You should probably think of subscribing: >> click to see advantages of subscribing <<

>> how to subscribe <<

Gerald


----------



## Jezport (Jun 19, 2008)

We are a family of 4, with Lewis age 10 and Hannah 13. What age is your daughter? What is your location?


----------



## Tinyk (Mar 18, 2009)

Family of 3 with Daughter aged 9

Get away to quite a few shows and during the holidays can normally be found around Chertsey using our yearly passes for legoland and Chessington.

Kayleigh loves meeting new friends at shows if your going to Shepton in a fortnights time.

Kevin


----------



## schnauzer1 (Sep 27, 2009)

Could this be of interest to familes? Family Motorhomers Club


----------



## dpal3 (Jun 29, 2009)

Hi Mark we are also in West Susses and go away quite often with our 9 year old Grand Doughter 
often to the new forest


----------



## tonka (Apr 24, 2006)

schnauzer1 said:


> Could this be of interest to familes? Family Motorhomers Club


Is that right. ?? It only has 2 members ???
This a new thing..

Personally we go to MCC rallies, great for the grandkids.


----------



## schnauzer1 (Sep 27, 2009)

Guess eveyone has to start somewhere


----------



## Jezport (Jun 19, 2008)

I have signed up, but I sign up to anything :roll:


----------



## p1nkie (Oct 5, 2009)

We're a family of 3. Our daughter will be 4 this Sep. We've just spent the weekend at Littlehampton CC site visiting Arundel

Guy


----------



## mandyandandy (Oct 1, 2006)

We are also a family of 3 with 10 year old daughter. 

We do the C&CC rallies alot and many of them have families also involved. 

We are going with S. Lincs da this weekend sounds an excellent weekend for children and many of their members have children under 12. 

Not signed up yet but will, forgot all about it. 

Mandy


----------



## mandyandandy (Oct 1, 2006)

We are also a family of 3 with 10 year old daughter. 

We do the C&CC rallies alot and many of them have families also involved. 

We are going with S. Lincs da this weekend sounds an excellent weekend for children and many of their members have children under 12. 
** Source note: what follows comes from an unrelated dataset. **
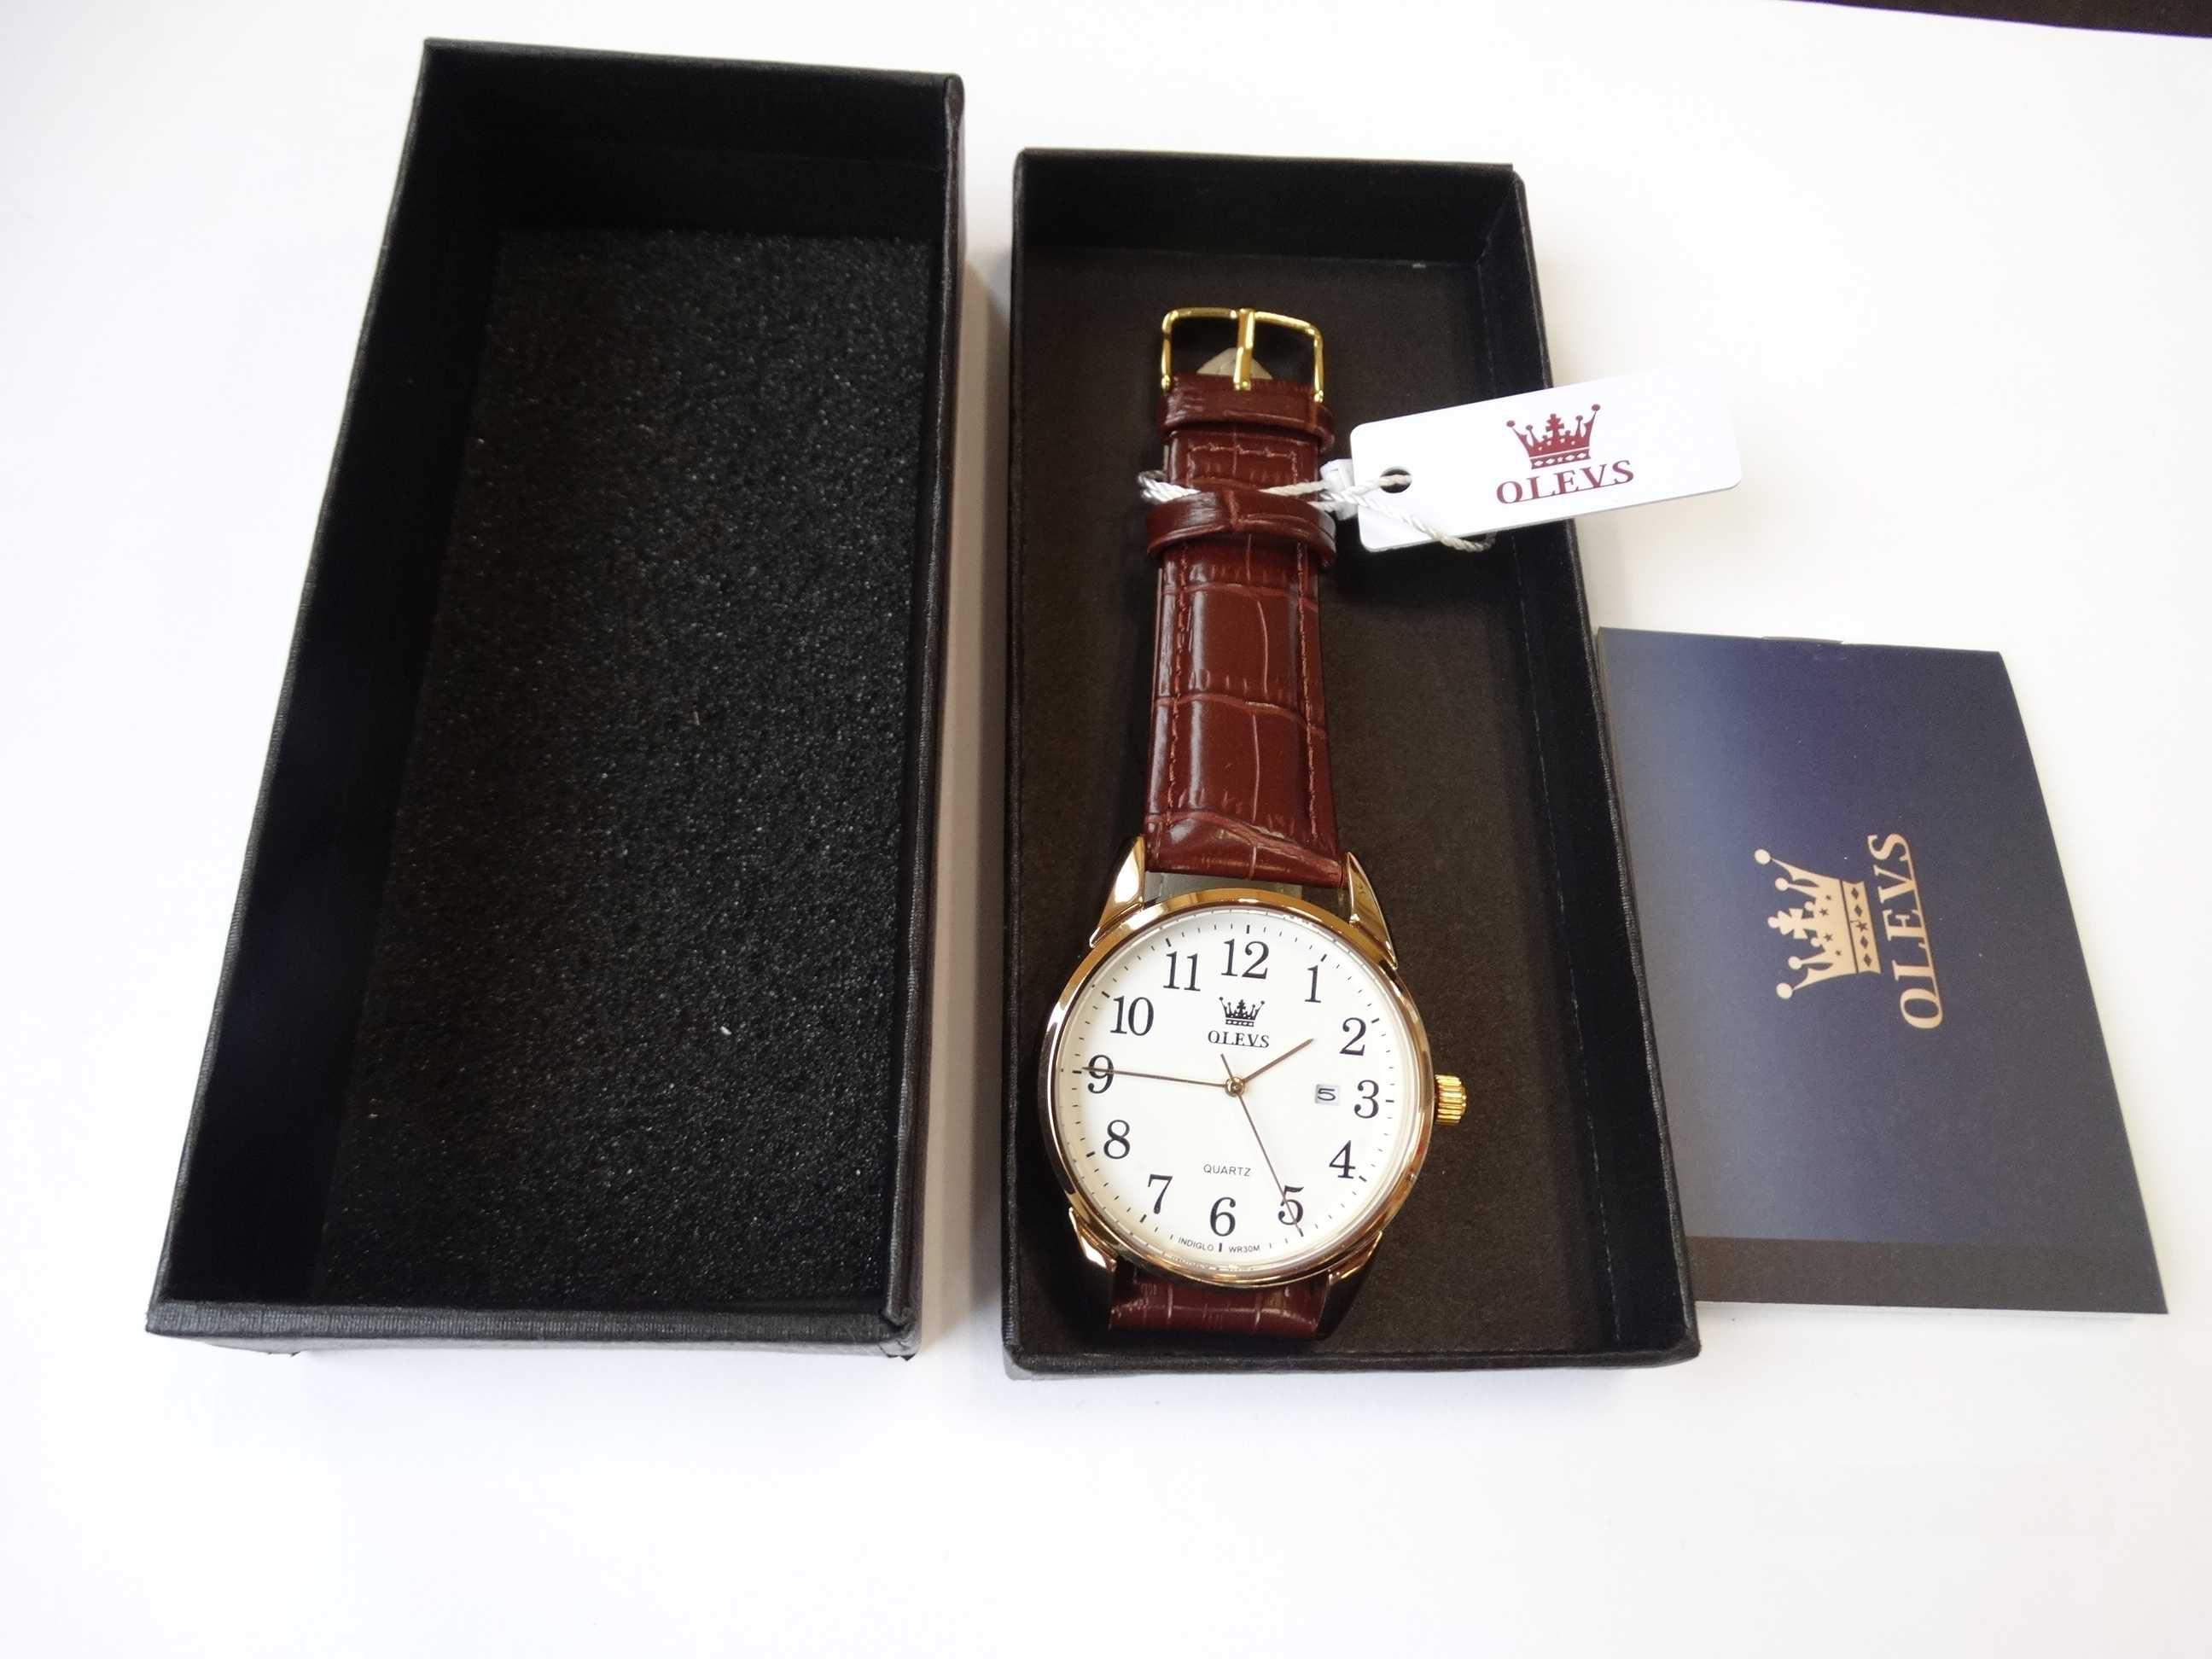 Zegarek męski kwarcowy Olevs złoty brązowy pasek biała tarcza datownik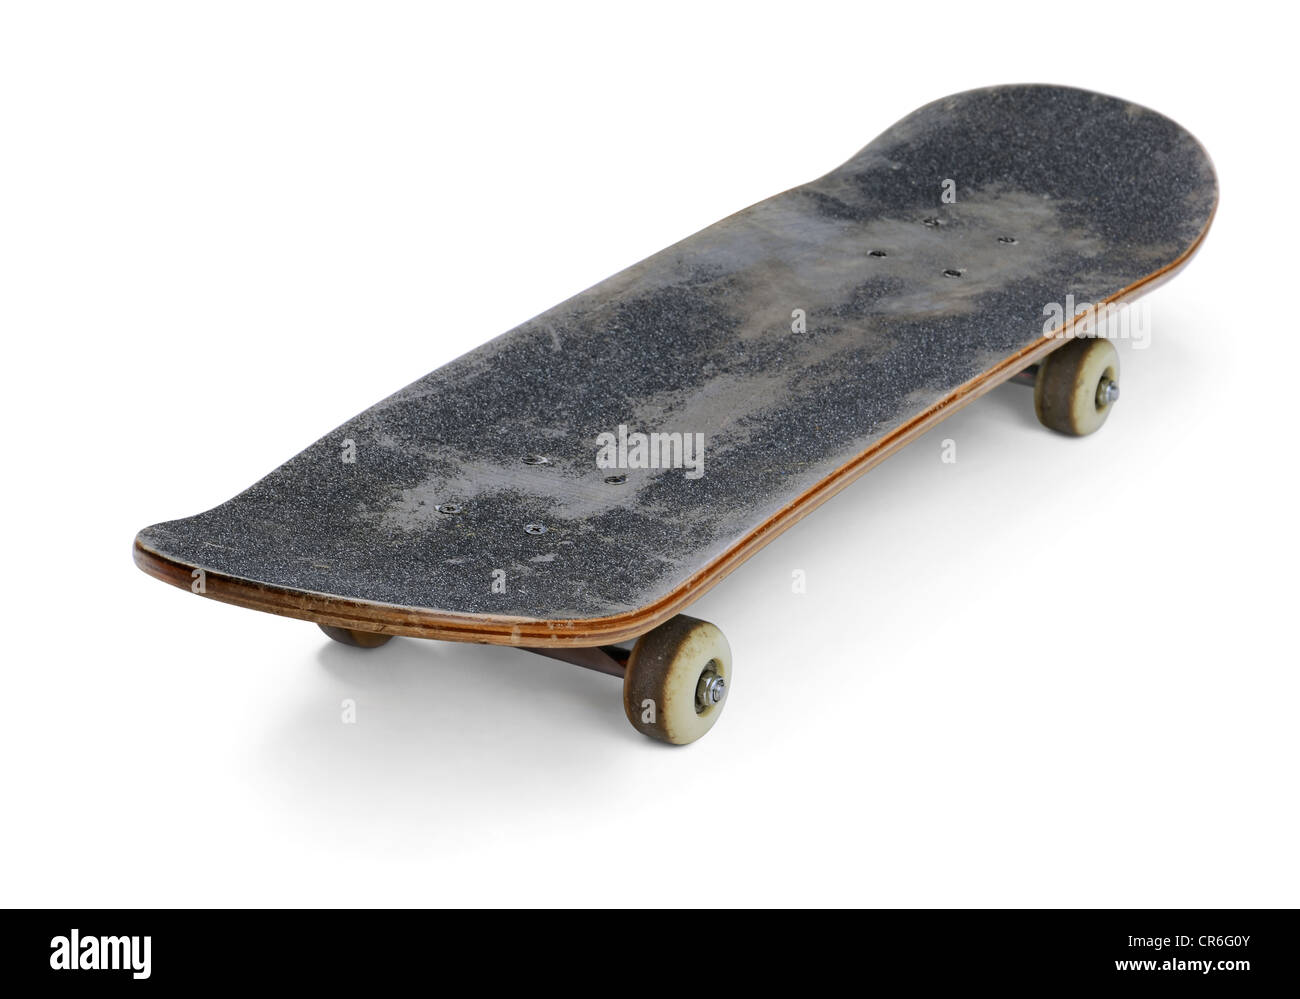 Altes skateboard Ausgeschnittene Stockfotos und -bilder - Alamy

Not signed up yet but will, forgot all about it. 

Mandy

Just signed up, blimey could hear the echo in there it was so empty, come on you lot, sign up it could be useful one day.


----------



## Snelly (Aug 20, 2005)

Me and Sal have 6 kids ranging from 18 years to 5 months old :lol:

Although motorhomers at heart, we can't afford one (big enough), so have a big caravan instead. If were allowed, we are always willing to attend meets, especially family orientated ones.


----------



## artona (Jan 19, 2006)

we have a little girl, although she only 5. There are normally other families on MHF rallies and meets so your daughter will more than often have company.

What I do like about them though is the children are well behaved and play quietly. I would hate attending a rally for a much needed break and have un-controlled children kicking balls etc at the side of vans etc and shouting and screaming and arguing. 

If you have spent any time in Spain you will have noticed that families go out as a family and everyone joins in but the children are as well behaved as the adults. Thats how I have found MHf rallies.

stew


----------